Court referred to Whitehouse v Jordan: 158

‘to say that a surgeon committed an error of clinical judgment is wholly ambiguous, for

while some such errors may be completely consistent with the due exercise of professional

skill, other acts or omissions in the course of exercising clinical judgment may

be so glaringly below proper standards as to make the finding of negligence inevitable’.

In determining whether a clinical error of judgment or medical mistake amounts

to negligence, the Court will consider whether the error or mistake is one that

the reasonable medical practitioner might have made in the circumstances.

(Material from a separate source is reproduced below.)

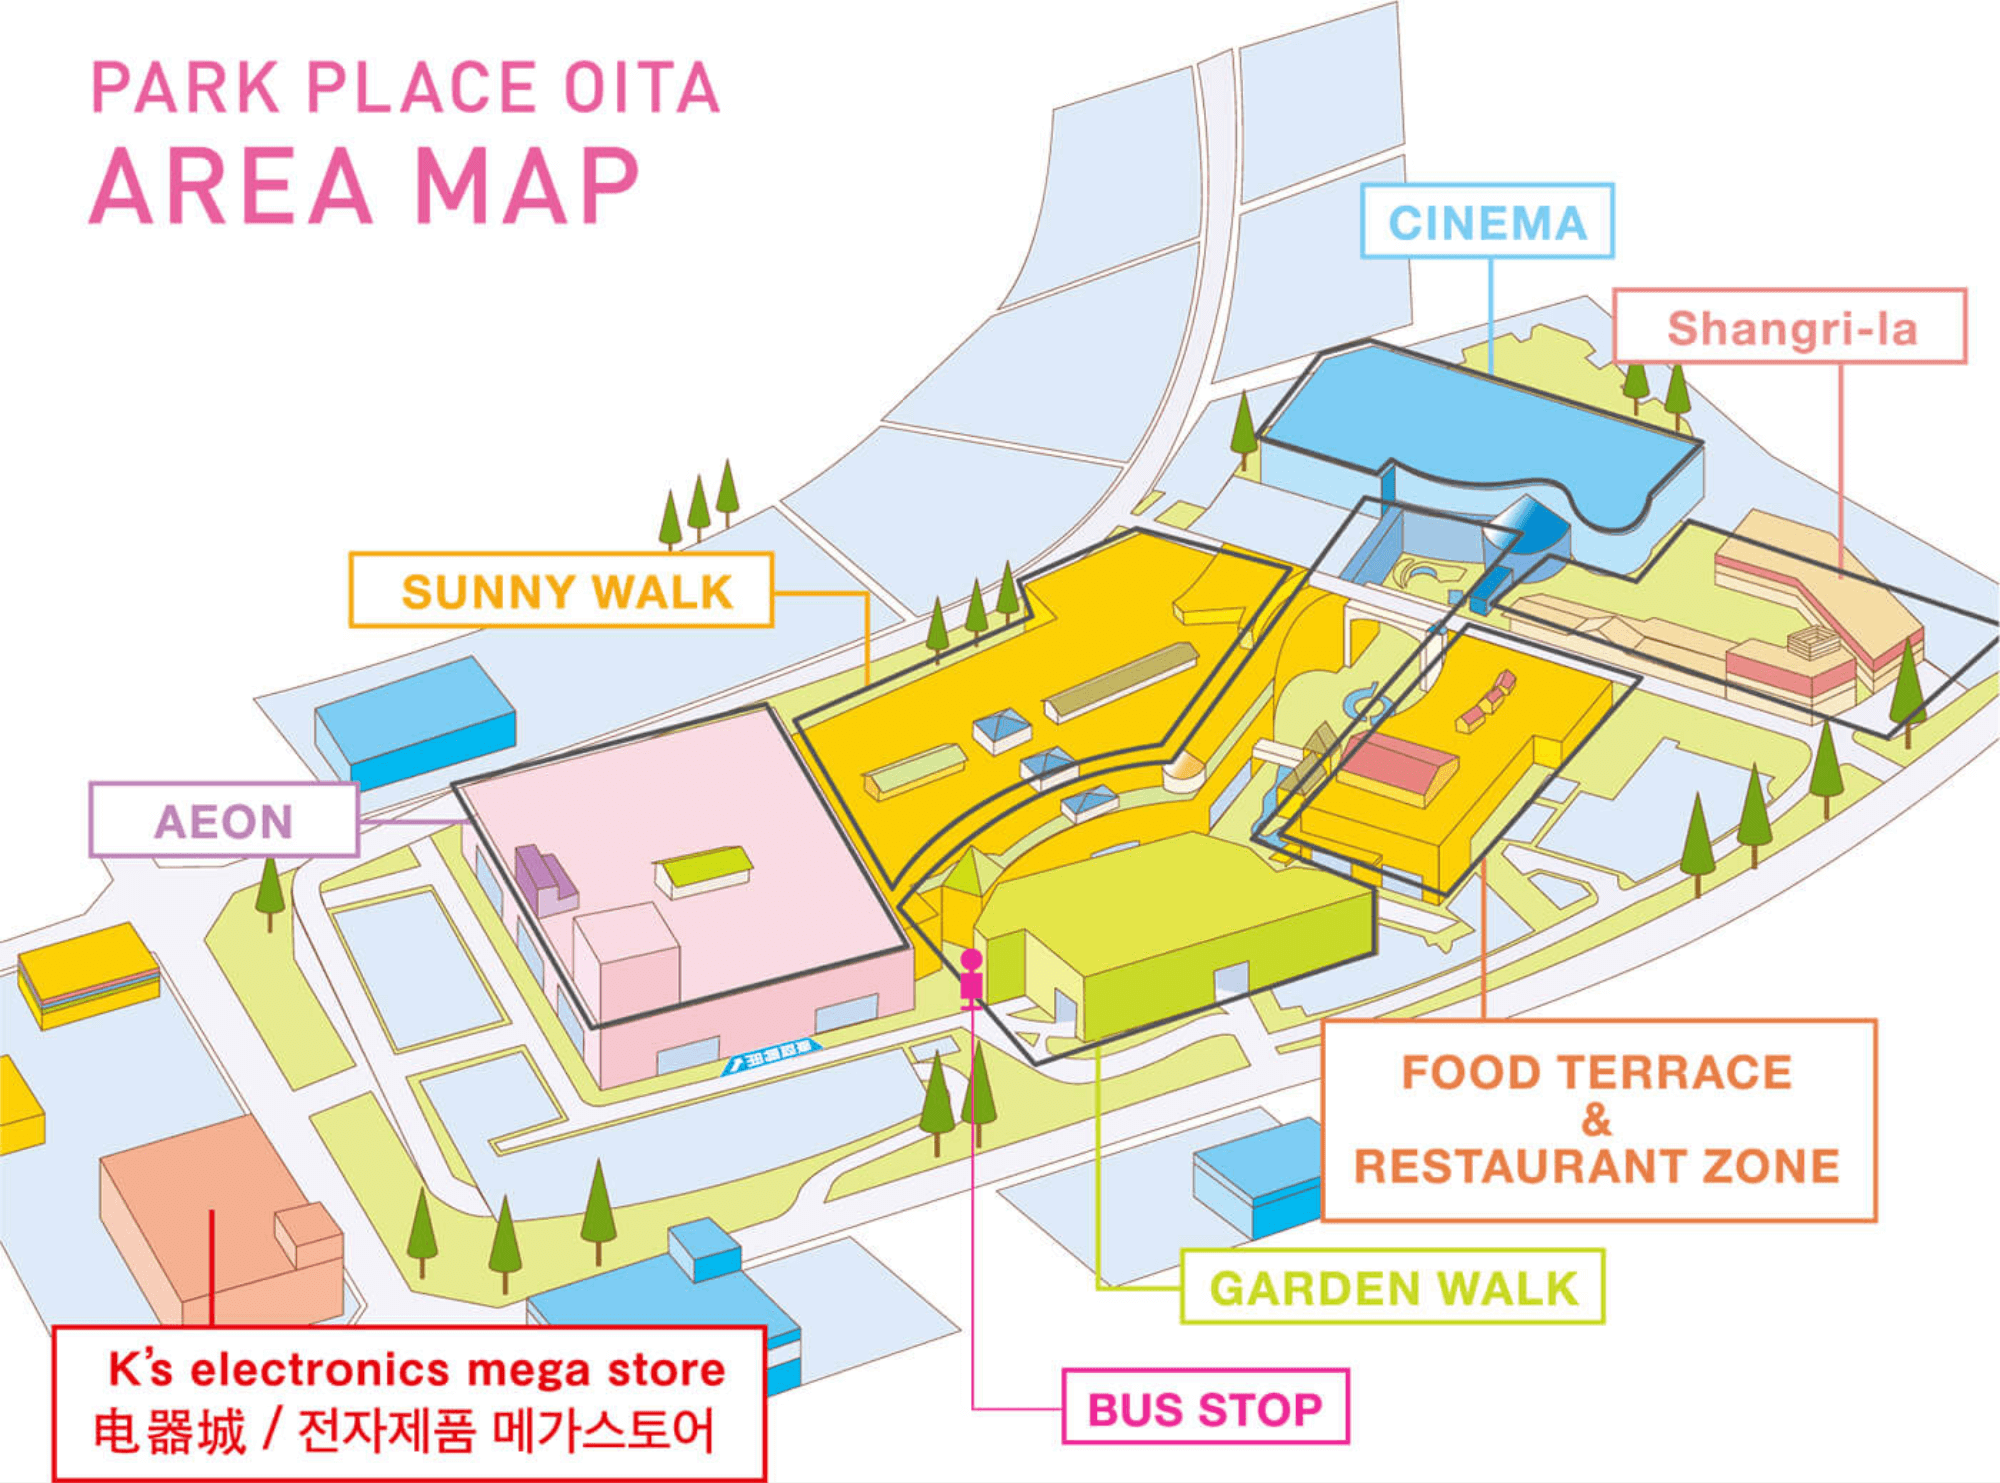 PARK PLACE OITA AREA MAP

If it is, then the practitioner is not negligent. However, if the error is one that

would not have been made by the reasonable medical practitioner in the circumstances,

then the practitioner is negligent: ‘If a surgeon fails to measure up to that

standard in any respect (‘clinical judgment’ or otherwise), he has been negligent

and should be so adjudged.’ 159 It is submitted that, in applying this principle,

155

Van Wyk v Lewis 1924 AD 438 at 470; See also ‘The concept of the reasonable medical practitioner’

at para 6.18 above.

156

1990 (2) SA 379 (W).

157

At 395.

158

[1981] 1 All ER 267 at 276 H.

159

Per Lord Edmund Davies in Whitehouse v Jordan [1981] 1 All ER 267 at 121, cited with approval

in Pringle v Administrator, Transvaal 1990 (2) SA 379 (W) at 385.